Inductive learning techniques are also well known in the art, such as CN2, discussed in P. Clark, and T. Niblett, The CN2 Induction Algorithm, Machine Learning, 3(4), pp 261-263, 1989; SRV, discussed in D. Freitag, Information Extraction from HTML: Application of a General Machine Learning Approach, in Proceedings of the 15th National Conference on Artificial Intelligence, pages 517-523, 1998; C5, discussed in J. R. Quinlan, C4.5: Programs for Machine Learning, Morgan Kaufmann, Los Altos, Calif., 1992; and FOIL, discussed in J. R. Quinlan, and R. M. Cameron-Jones, FOIL: A Midterm Report, in Proc. of the 12th European Conference on Machine Learning, 1993 (the disclosures of which are hereby incorporated by reference).
SUMMARY OF THE INVENTION
An apparatus and method is disclosed for providing application specific multi-dimensional information to an application running on a user computing device, wherein at least one dimension of the information is a category, from a plurality of member documents electronically extracted from a library of electronically searchable documents, which may comprise an application specific multidimensional information extractor adapted to extract occurrences of prospective representations of dimensions of application specific multidimensional information from the member documents, and to extract occurrences of non-application specific multidimensional information from the member documents; and, an encoder adapted to encode the occurrences of prospective dimensions of application specific multidimensional information and non-application specific multidimensional information contained in member documents according to a dimension specific coded representation of each dimension of application specific multidimensional information and a non-application specific coded representation of each non-application specific multidimensional information element.
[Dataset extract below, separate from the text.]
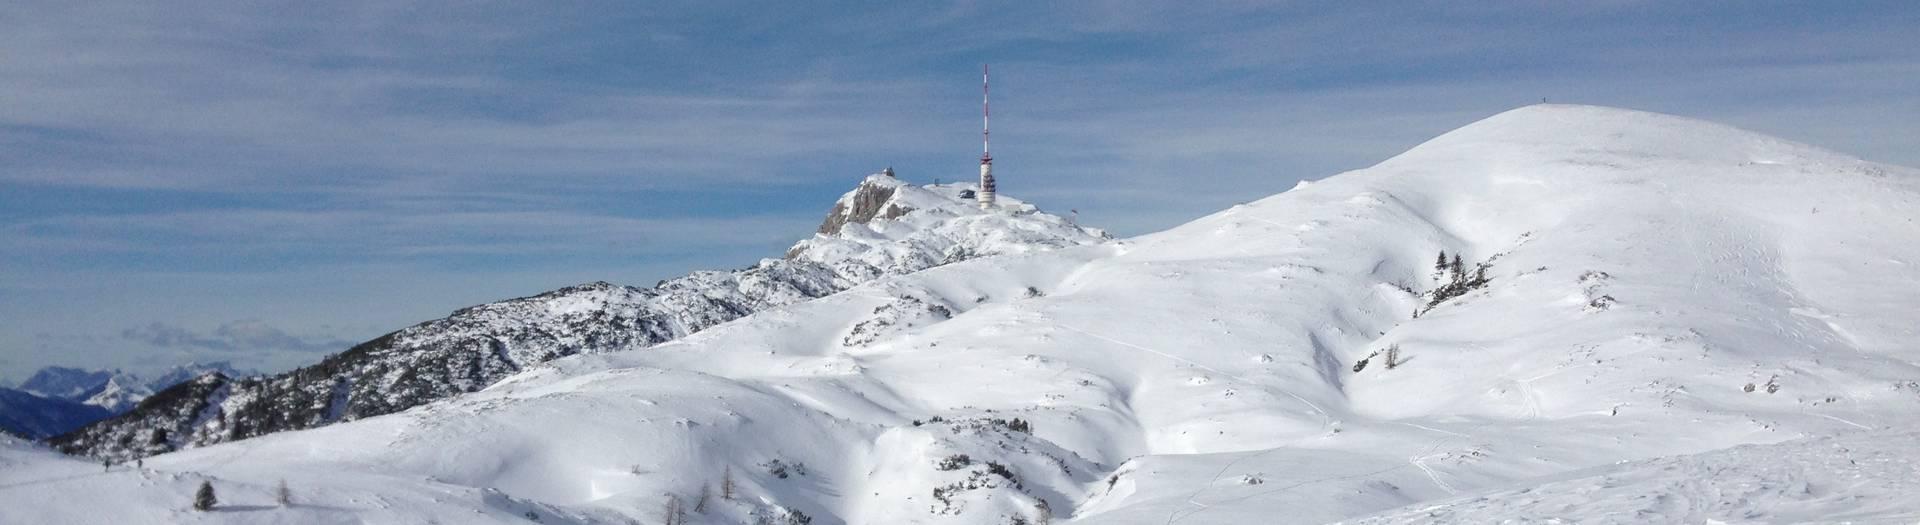 Dobratsch Skitour von Heiligengeist
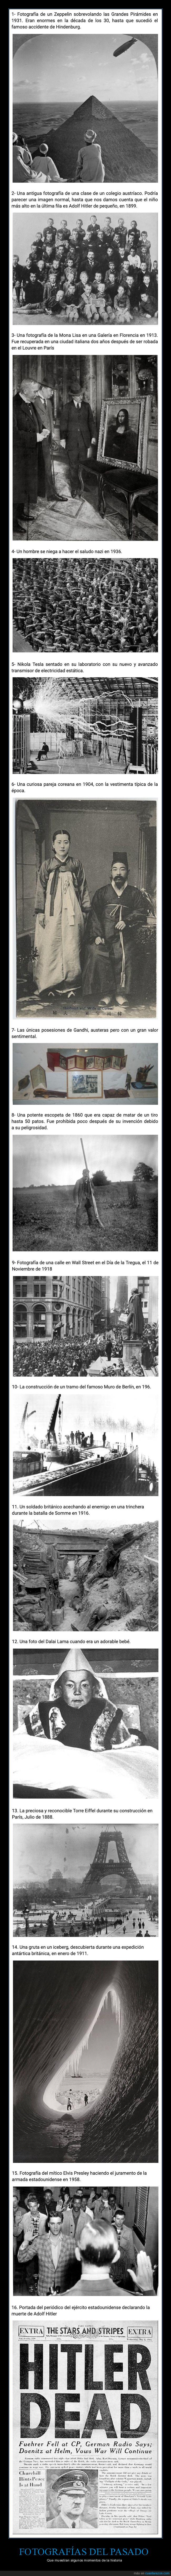 fotografías,historia,pasado,retro

The apparatus and method may further comprise a member document identifier adapted to determine whether a member document contains coded formatting, and if not, whether the member document is a dense document, and if not, for rejecting the document from further processing, and the coded formatting may comprise network markup language coding.
The apparatus and method may further comprise an application specific multidimensional information verification unit adapted verify the extraction of application specific multi-dimensional information from the member documents, and may further comprise a database for storing the application specific multi-dimensional information adapted to provide an application running on a user computing device access to the application specific multidimensional information. The application specific multidimensional information may be scheduled events having the dimensions of time, location and event identity, and the application running on the user computer can be an electronic calendar or other similar scheduling software program
BRIEF DESCRIPTION OF THE DRAWINGS
FIG. 1 shows a schematic block diagram of a system according to the present invention;
FIG. 2 shows a flow diagram of an embodiment of the present invention;
FIG. 3 shows a schematic block diagram of a web-crawler architecture useful with the present invention;
FIG. 4 shows a flow chart for the construction of an E-Space for searching according to the present invention;
FIG. 5 shows a partial printout of some key words extracted, e.g., using a web crawler, e.g., for generating an E-Space useful in the present invention;
FIG. 6 shows an example of a constructed term-document matrix as part of a construction of an E-Space useful in the present invention;
FIG. 7 shows and example of a plot of singular values from the most dominant to the least dominant vectors utilized in creating an E-Space according to the present invention;
FIG. 8 shows some examples of singular vectors corresponding to an E-Space useful in carrying out the present invention;
FIG. 9 shows a graphical representation of the separation of information pages of different category types, e.g., golf and basketball pages utilizing an E-Space searching technique useful in the present invention;
FIG. 10 shows an example of a dense information page of a particular category type, e.g., a dense golf event page mined according to the present invention;
FIGS. 11(a), (b) and (c) show an example of EML encoding from extracted words to an intra-level representation, e.g., for a golf event, useful in carrying out the present invention;
FIG. 12(a) show a representation of inter-level work co-occurrence models, e.g., for a golf event search, useful in carrying out the present invention;
FIG. 12(b) shows a representation of EML encoding using the inter-level word co-occurrence models useful in implementing the present invention;
FIG. 13 shows a flowchart for an event component leader identification process useful in implementing the present invention;
FIG. 14 shows an example of the extracted application specific multi-dimensional information useful in implementing the present invention.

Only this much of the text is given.